Can I wrap Ruffus tasks in Pweave chunks?

Pweave and Ruffus
==============================================================

**Let's see if Pweave and ruffus can play nice**


<<load_imports>>=
import time
from ruffus import *
@

**Do this**
<<task1>>=
task1_param = [
                    [ None, 'job1.stage1'], # 1st job
                    [ None, 'job2.stage1'], # 2nd job
              ]
@files(task1_param)
def first_task(no_input_file, output_file):
    open(output_file, "w")
@

I get the feeling the Ruffus decorators are throwing Pweave off:

$ Pweave ruffus.Pnw
Processing chunk 1 named load_imports
Processing chunk 2 named task1
<type 'exceptions.TypeError'>
("unsupported operand type(s) for +: 'NoneType' and 'str'",)

Perhaps there is a workaround?

2

There are 2 answers

0
Leo Goodstadt On BEST ANSWER

I am the author of Ruffus and have just checked in changes to ruffus to allow it to cooperate with pweave into the google source code repository. I will be in the next release.

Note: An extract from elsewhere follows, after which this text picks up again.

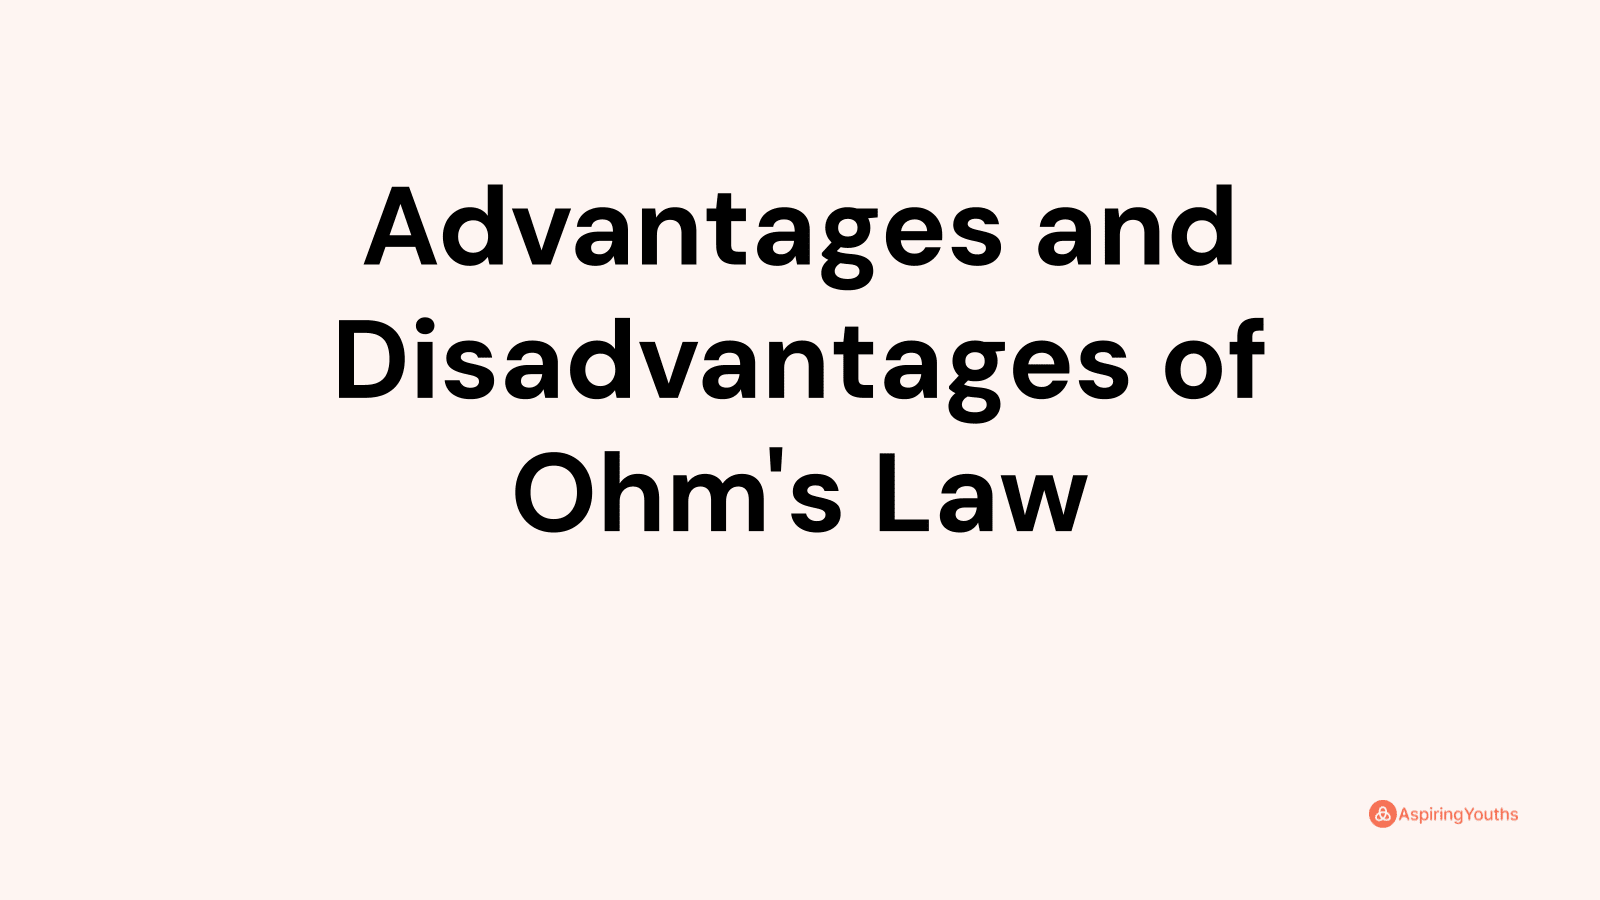 Advantages and disadvantages of Ohm's Law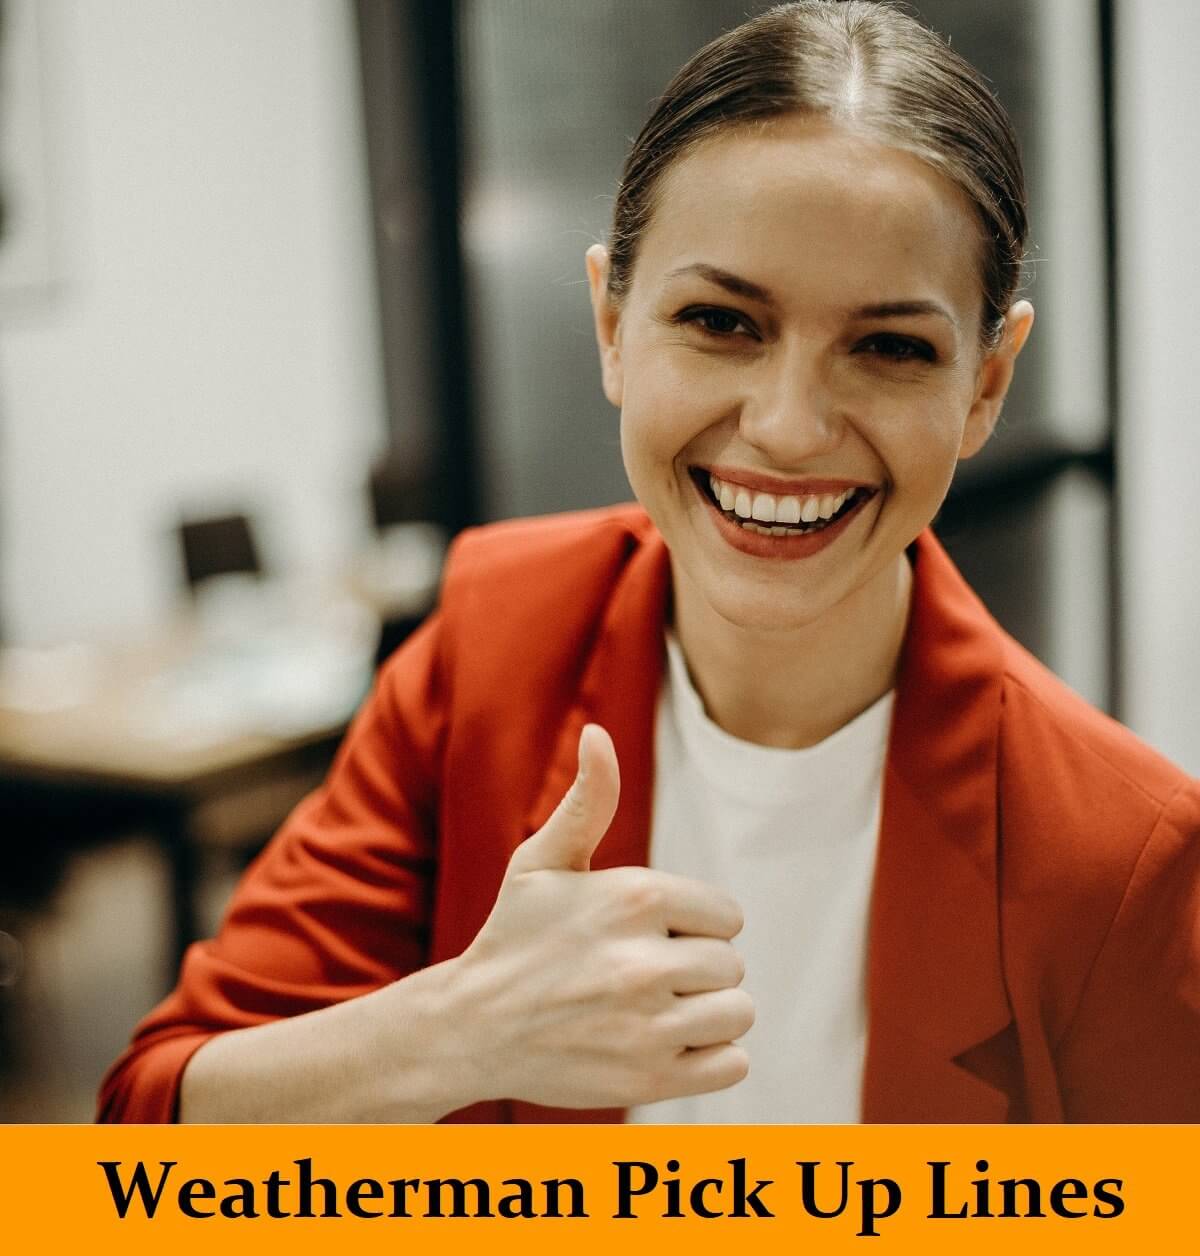 Pick Up LInes for Weatherwoman

You can get the latest (fixed) source with the following command line if you are impatient:

hg clone https://[email protected]/p/ruffus/ 

Leo

The details are as follows:

Ruffus uses the full qualified name (with module name) of each ruffus task function to uniquely identify code so that pipeline tasks can be referred to by name.

The Pweave code was very straightforward. Nice! Pweave sends chunks of code at a time to the python interpretor to be exec-ed chunk by chunk. Of course chunks do not belong to any "module" and task functions have function.__module__ values of None rather than any string.

A single judicious str() converting None to "None" seems to have solved the problem.

Leo

0
Noah On

For the record, pweave works fine with decorators.

This has to do with how ruffus identifies which function is which -- the function actually has to belong to a module file, as the function.__module__ property is used. I'm not sure that you can trick it into including all the information needed to create these function identifiers.

You can see the errors for yourself if you edit the pweb.py script included with pweave such that the try:...except: statements in the pweave() function are more verbose (easiest is just comment out the try and except parts). The errors you get are in the deepest bits of ruffus.

I'd suggest staying away from a complex library like ruffus for didactic purposes, as ruffus in particular uses a number of hacks (syntactic sugar, if you will) to provide a simple user interface. If you're dead set on using it for this purpose, you could try contacting the author who has been quite responsive to my feature requests. He might have some ideas for how to do this.